El asunto comenzó con la llegada a Etruria de un griego de bajo nacimiento que no poseía ninguna de las numerosas artes que difundió entre nosotros el pueblo que con más éxito cultivó la mente y el cuerpo. Era una especie de practicante de cultos y adivino, pero no de aquellos que inducen a error a los hombres enseñando abiertamente sus supersticiones por dinero, sino un sacerdote de misterios secretos y nocturnos. Al principio, estos se divulgaron solo entre unos pocos; después, empezaron a extenderse tanto entre hombres como entre mujeres, aumentando su atractivo mediante los placeres del vino y los banquetes para aumentar el número de sus seguidores. Una vez el vino, la noche, la promiscuidad de sexos y la mezcla de edades tiernas y adultas calentaban sus ánimos, apagando todo el sentido del pudor, daban comienzo los excesos de toda clase, pues todos tenían a mano la satisfacción del deseo al que más le inclinaba su naturaleza […].

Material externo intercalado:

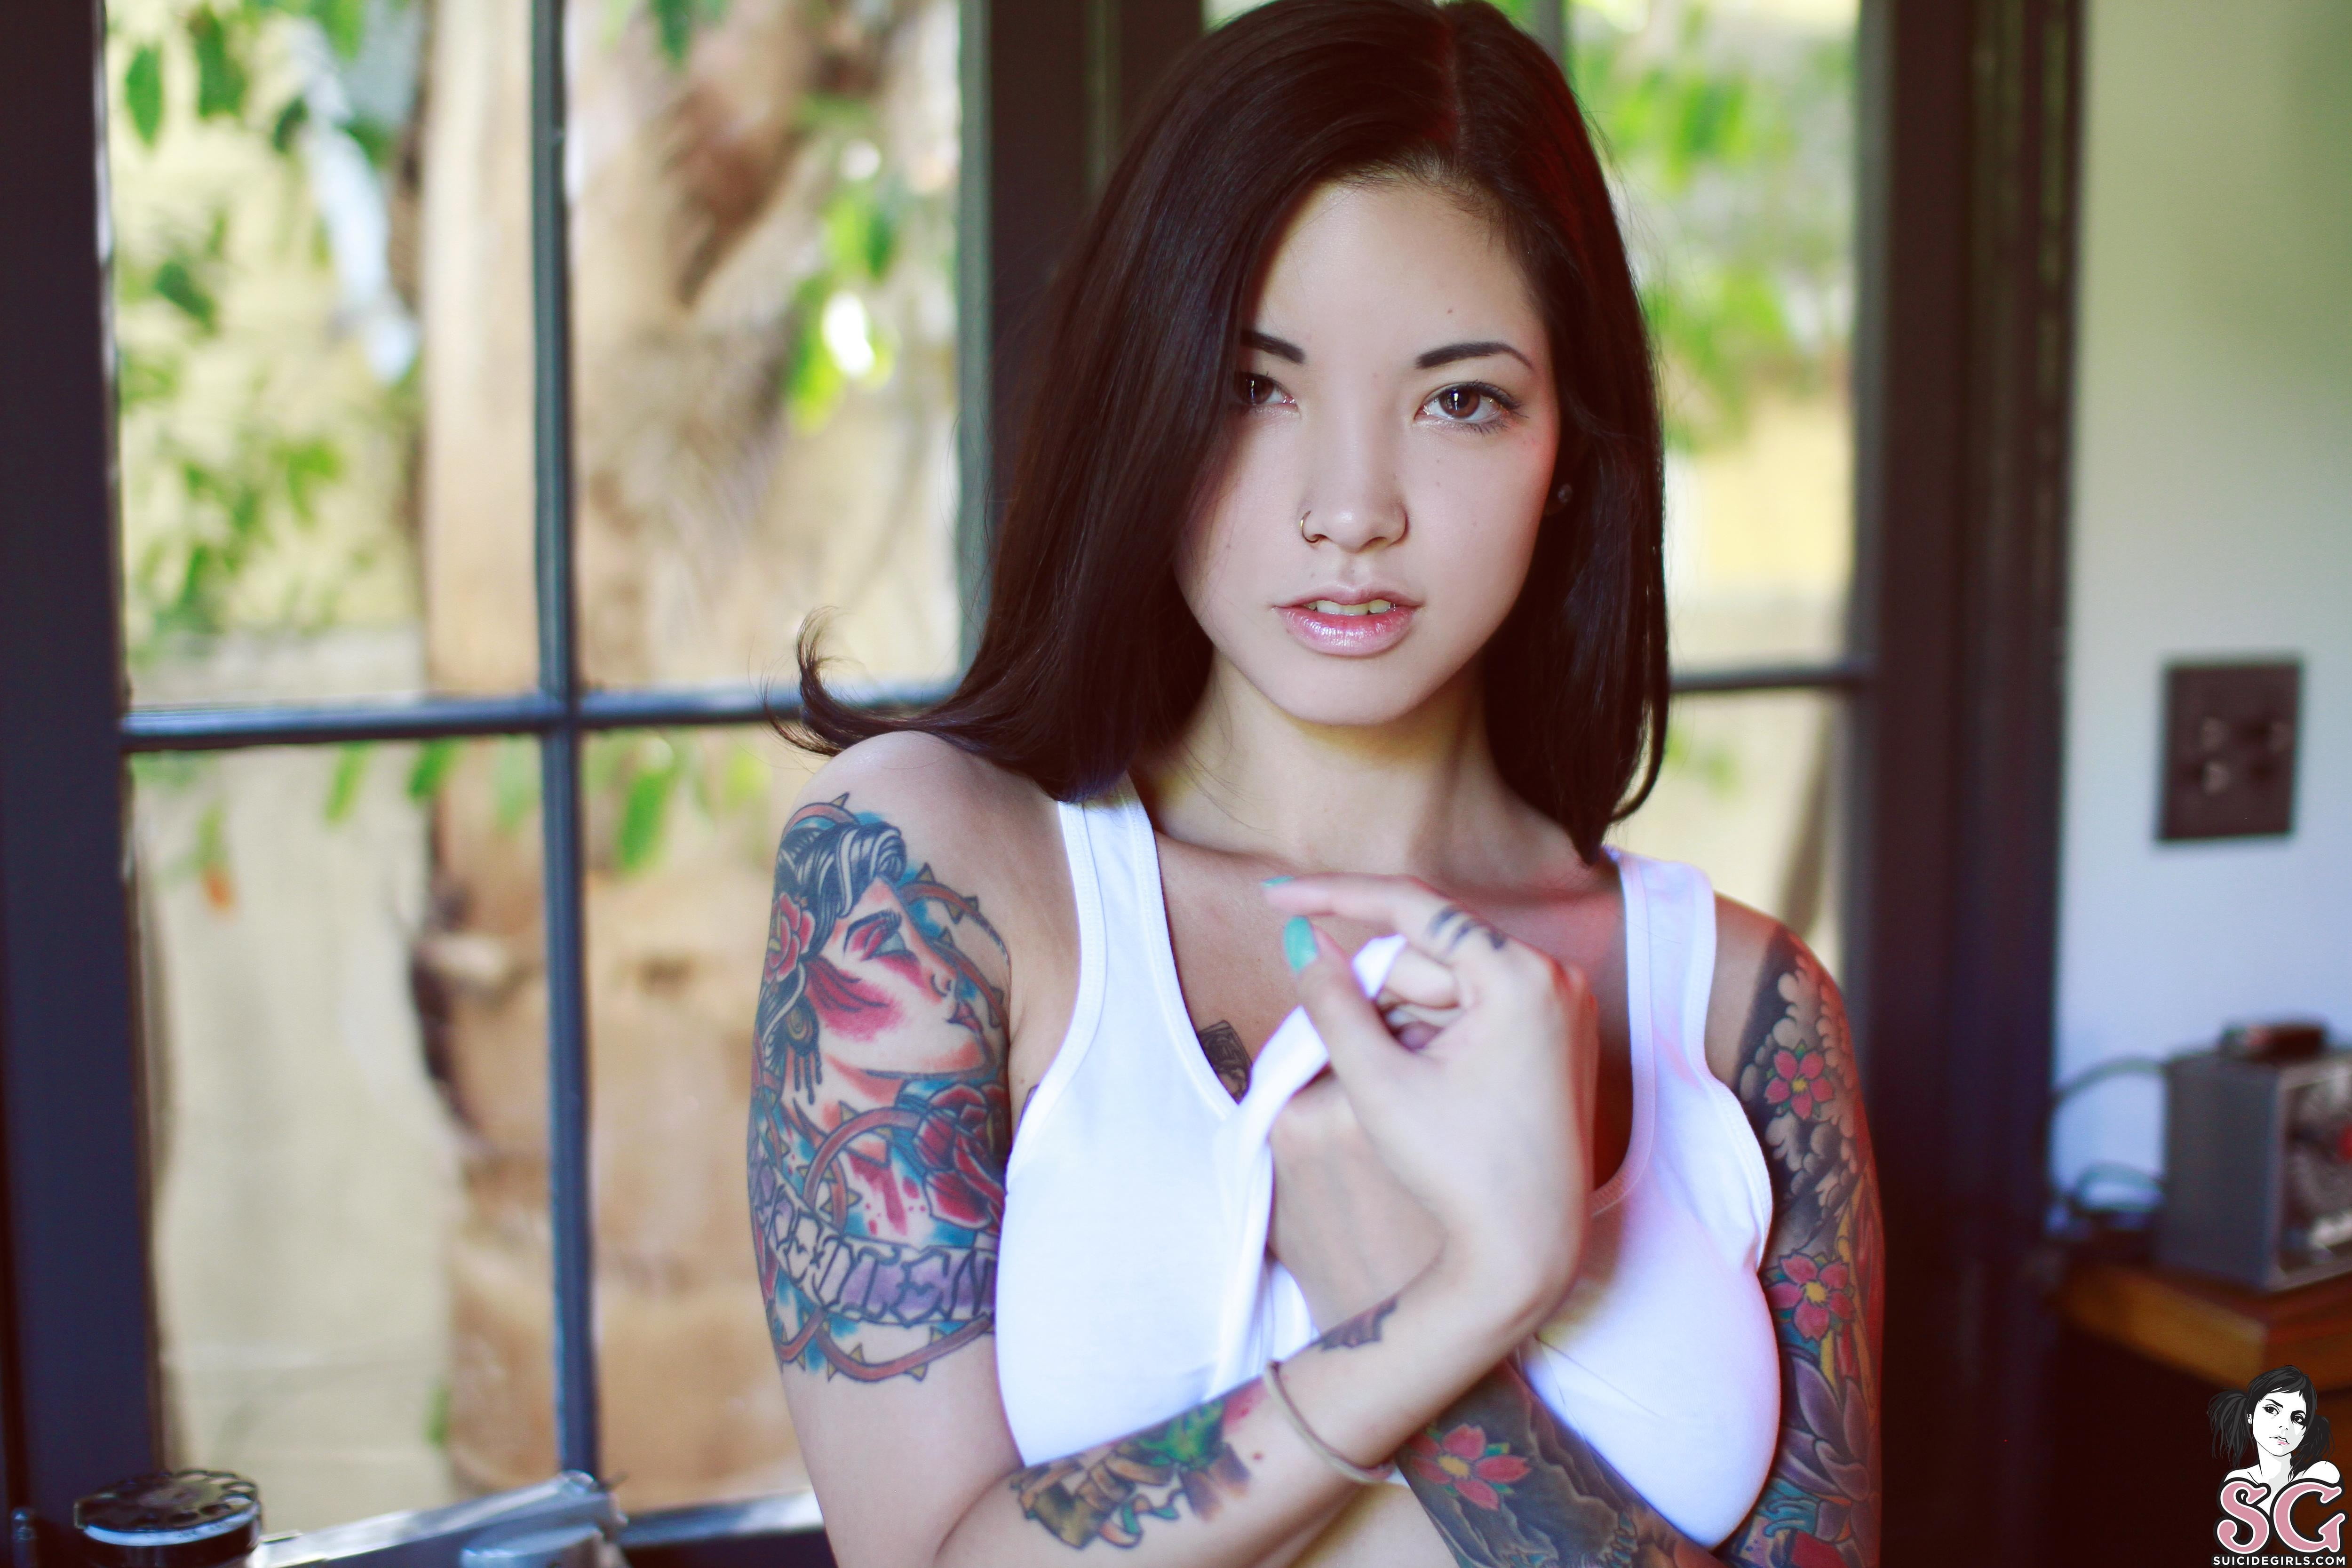 Free Photos - An Attractive Woman With A Visible Tattoo On Her Arm And A  Nose Piercing. She Has Long Hair And Is Wearing A Necklace, Further  Accentuating Her Unique And Stylish

Una vez los misterios hubieron asumido aquel carácter promiscuo, con los hombres mezclados con las mujeres en licenciosas orgías nocturnas, no quedó ningún crimen y ninguna acción vergonzosa por perpetrarse allí. Se producían más prácticas vergonzantes entre hombres que entre hombres y mujeres. Quien no se sometiera al ultraje o se mostrara remiso a los malos actos, era sacrificado como víctima. No considerar nada como impío o criminal era la misma cúspide de su religión. Los hombres, como posesos, gritaban profecías entre las frenéticas contorsiones de sus cuerpos; las matronas, vestidas como bacantes, con los cabellos en desorden, se precipitaban hacia el Tíber con antorchas encendidas, las metían en las aguas y las sacaban aún encendidas, pues contenían azufre vivo y cal. Los hombres ataban a algunas personas a máquinas y las echaban en cuevas ocultas, y se decía por ello que habían sido arrebatadas; se trataba de quienes se habían negado a unirse a su conspiración, tomar parte en sus crímenes o someterse a los ultrajes sexuales. Era una inmensa multitud, casi una segunda población, y entre ellos se encontraban algunos hombres y mujeres de familias nobles.
Tito Livio, Historia de Roma, 39. Traducción de Antonio Diego Duarte Sánchez.